**Task requirements:** Every line of the listing is returned unchanged, and every picture is dropped.

**Input data:**

*** Block opens ***

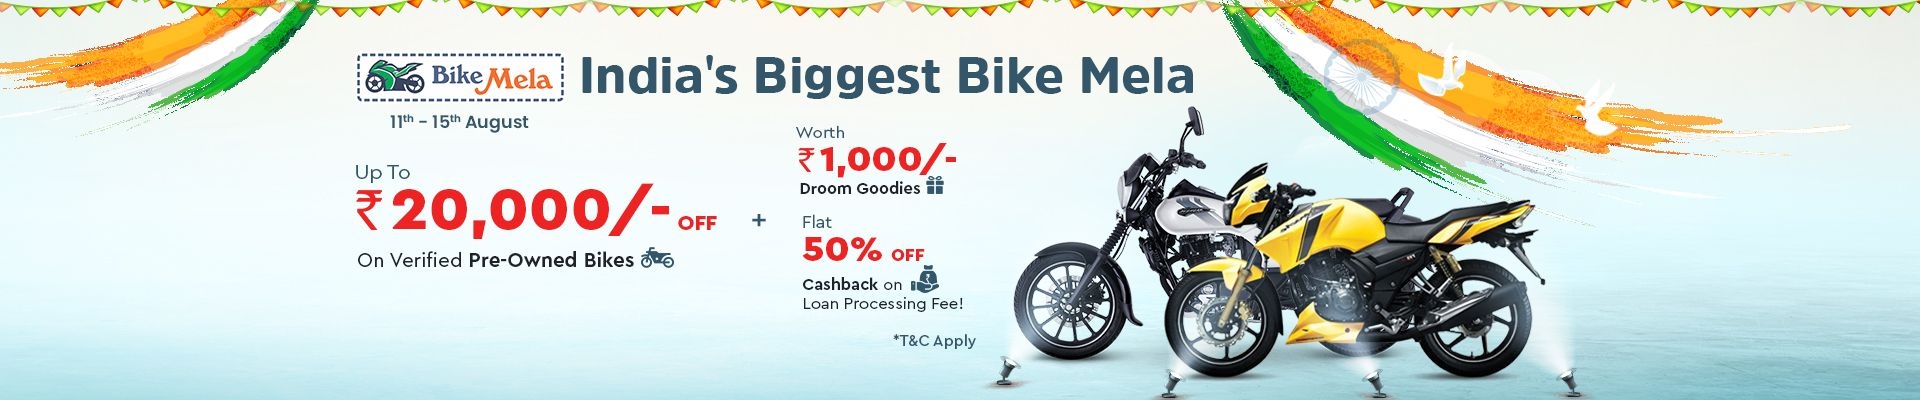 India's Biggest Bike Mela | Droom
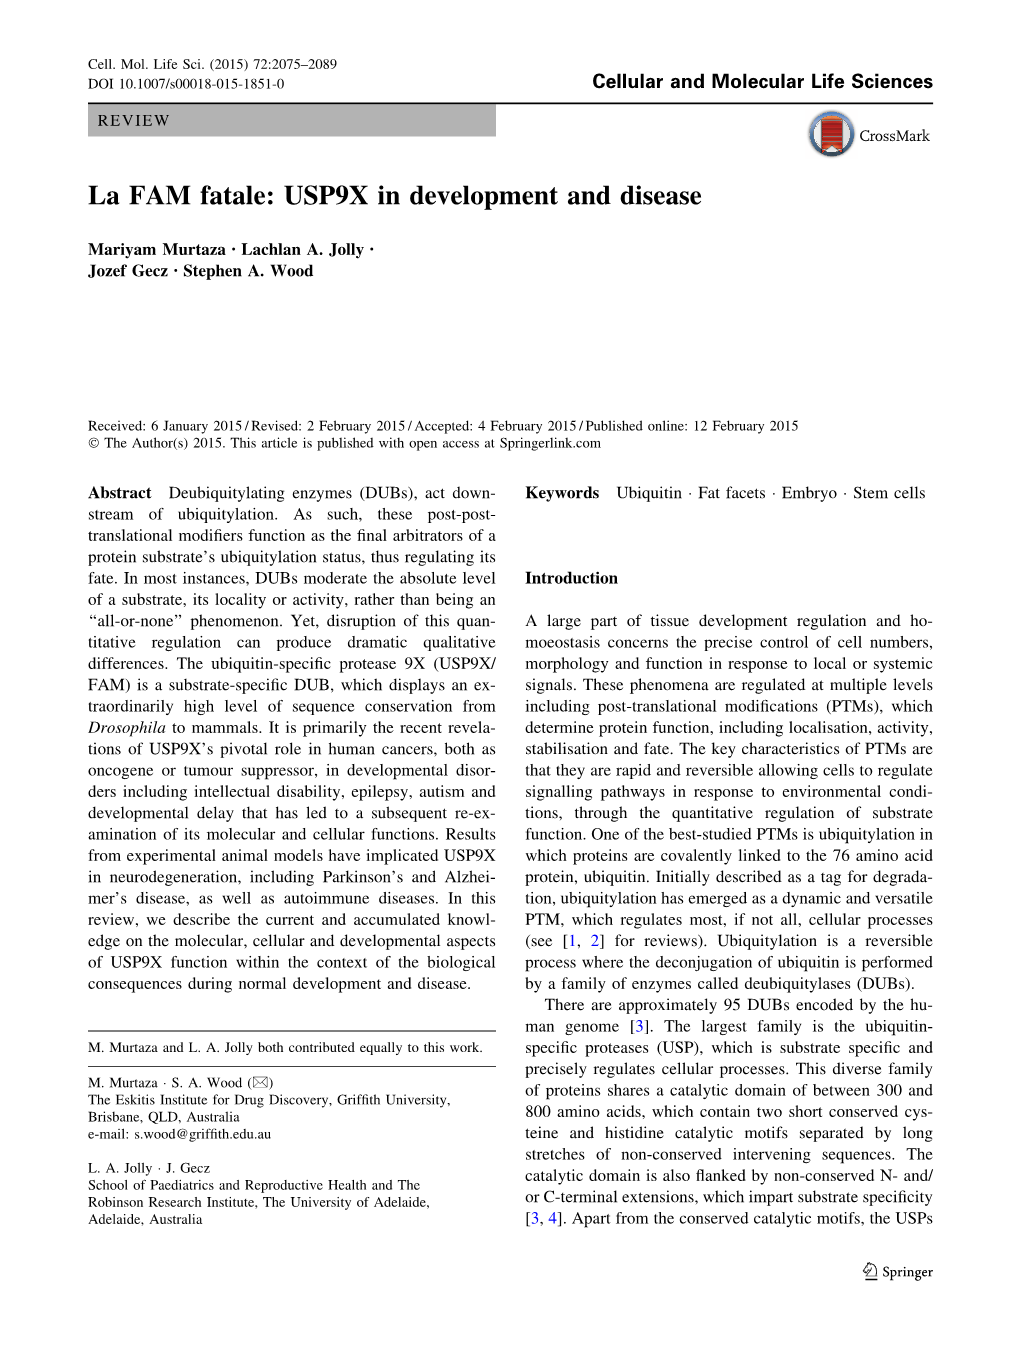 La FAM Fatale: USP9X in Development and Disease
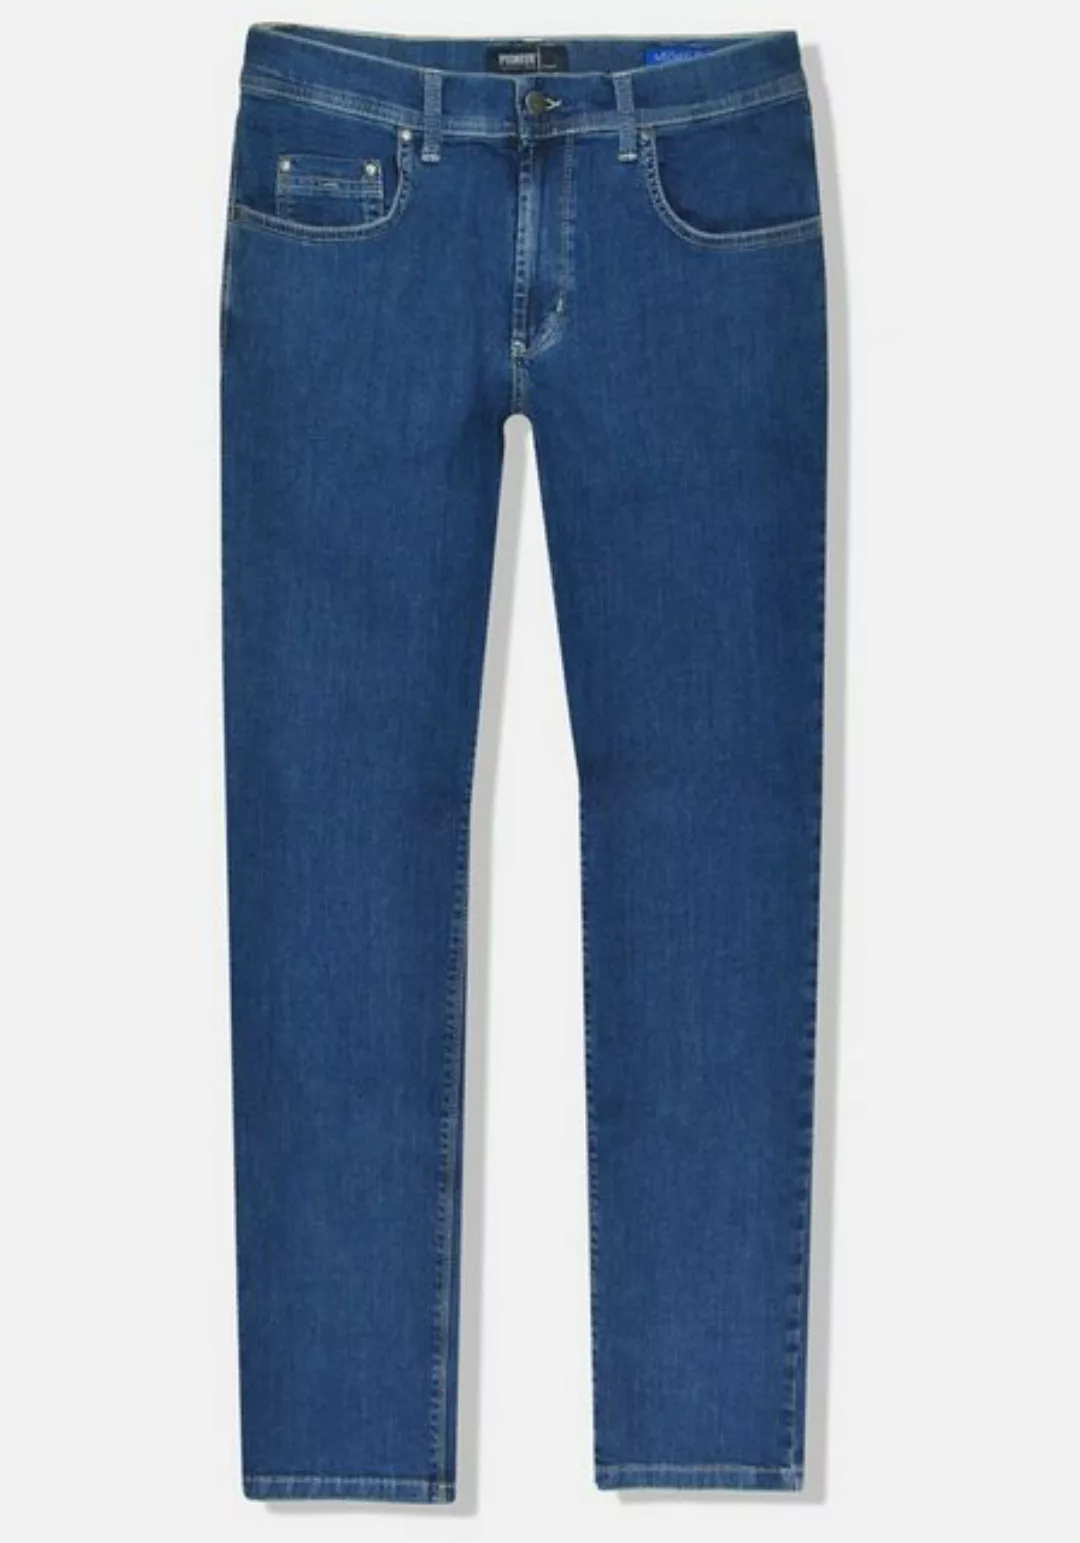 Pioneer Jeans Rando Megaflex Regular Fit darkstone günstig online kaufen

*** Block closes ***

**Solution:**
 India's Biggest Bike Mela | Droom
 La FAM Fatale: USP9X in Development and Disease
 Pioneer Jeans Rando Megaflex Regular Fit darkstone günstig online kaufen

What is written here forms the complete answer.